-- Data block follows --

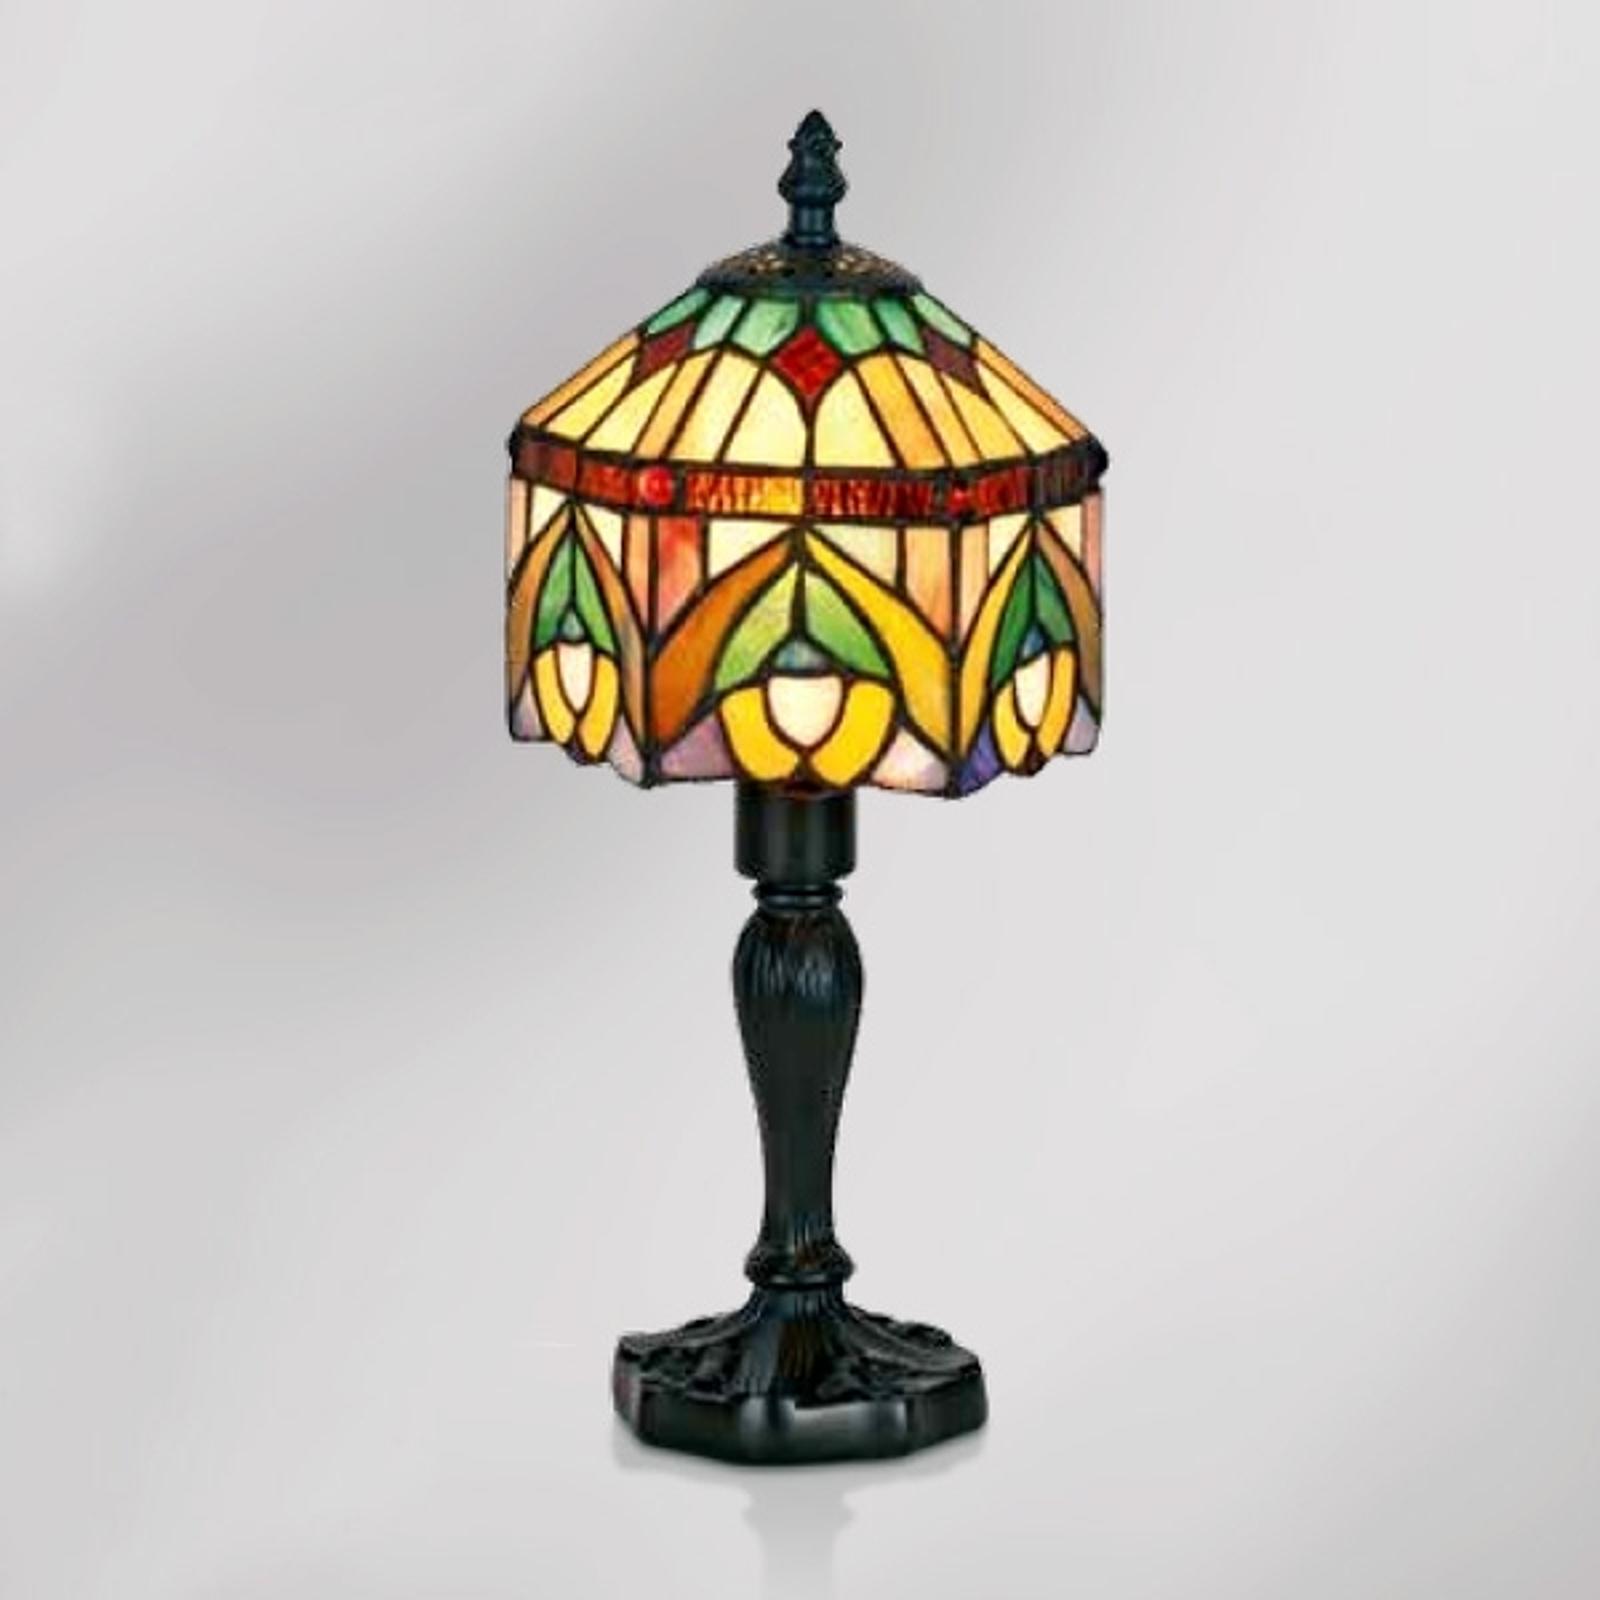 Dekorativ Jamilia bordlampe i Tiffany-stil
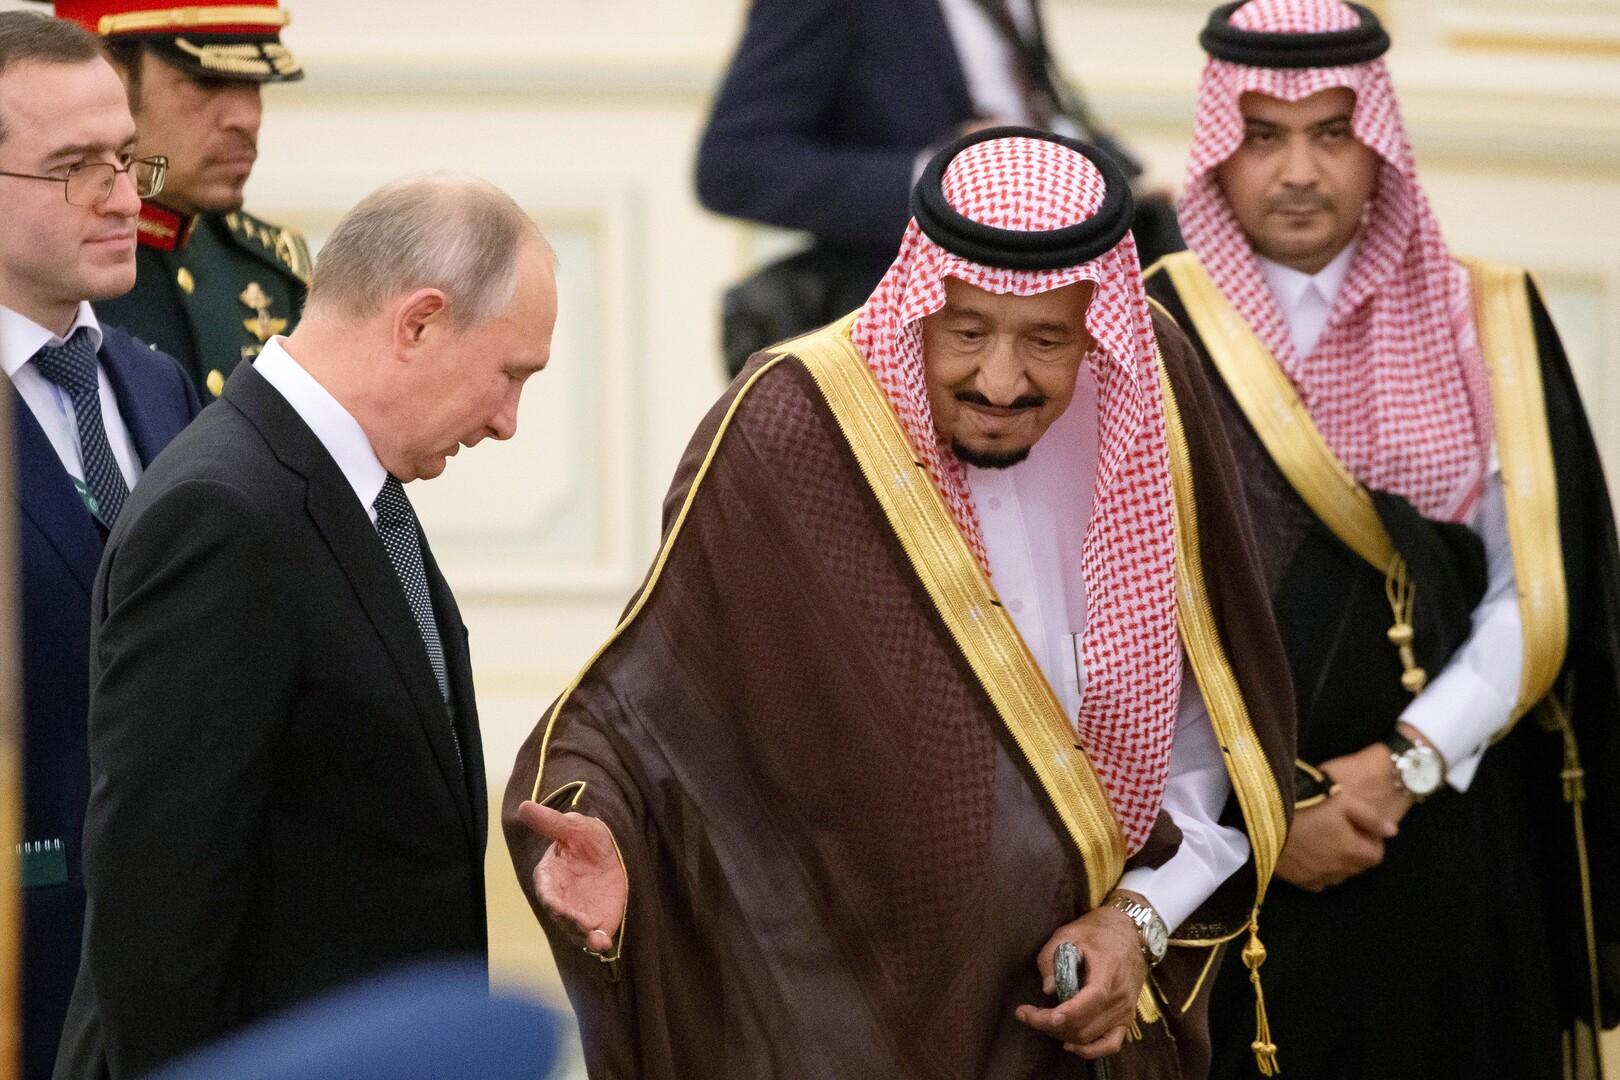 الملك سلمان يؤكد دعمه للتعاون مع الصندوق الروسي للاستثمارات المباشرة
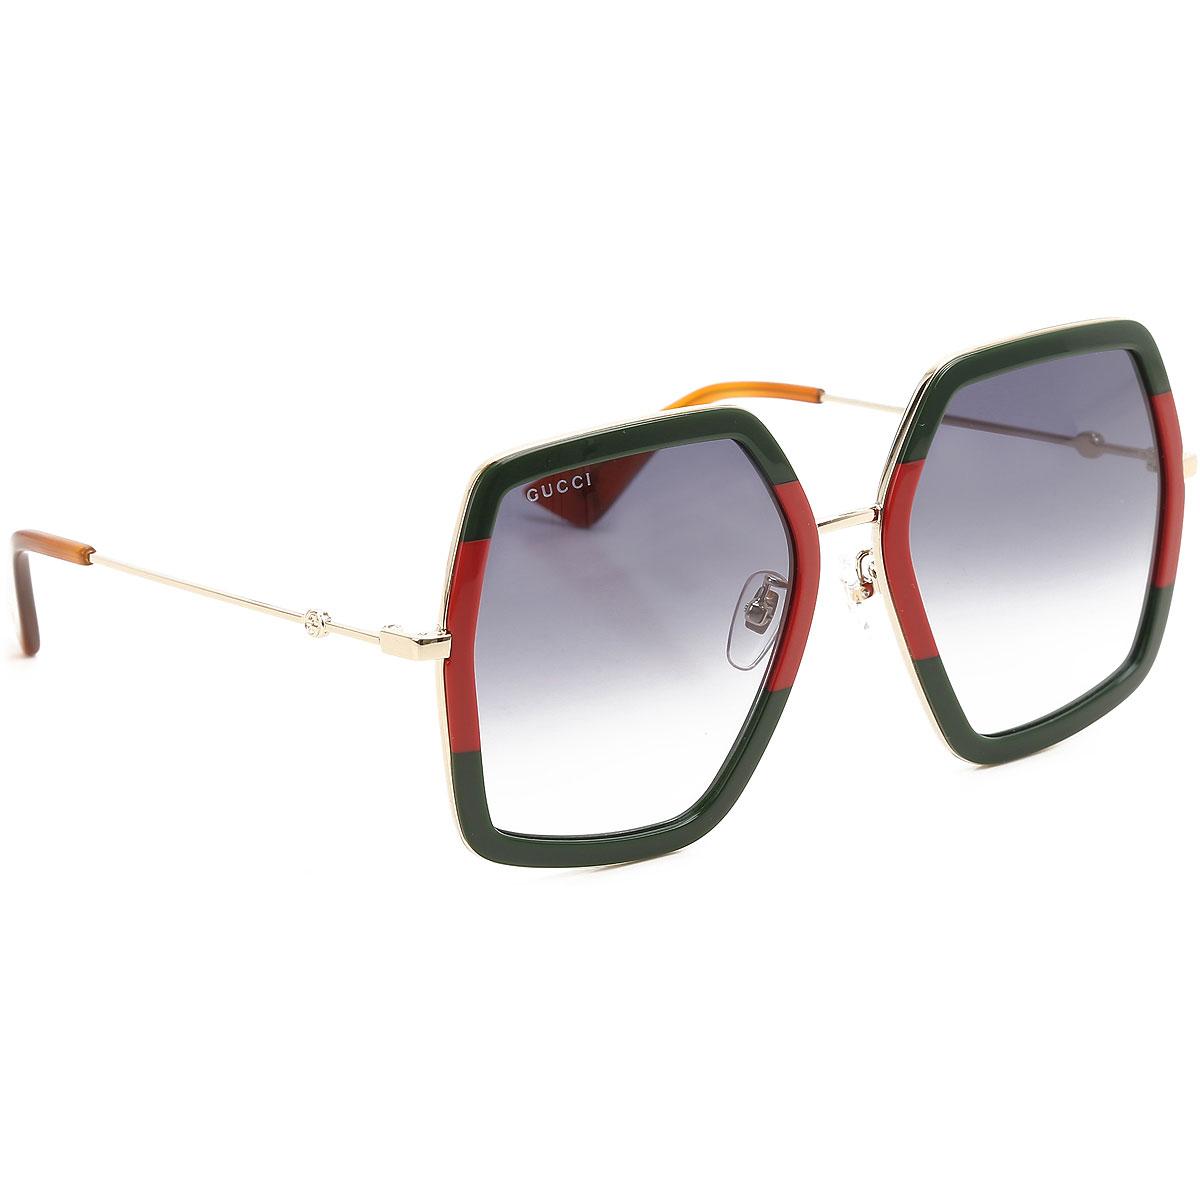 b4f6591eb Sunglasses Gucci, Style code: gg0106s-007-

-- Data block concluded --

- Your objective -
Repeat the material above word for word; no images go in the copy.

- Answer space -
 Dekorativ Jamilia bordlampe i Tiffany-stil
 الملك سلمان يؤكد دعمه للتعاون مع الصندوق الروسي للاستثمارات المباشرة
 b4f6591eb Sunglasses Gucci, Style code: gg0106s-007-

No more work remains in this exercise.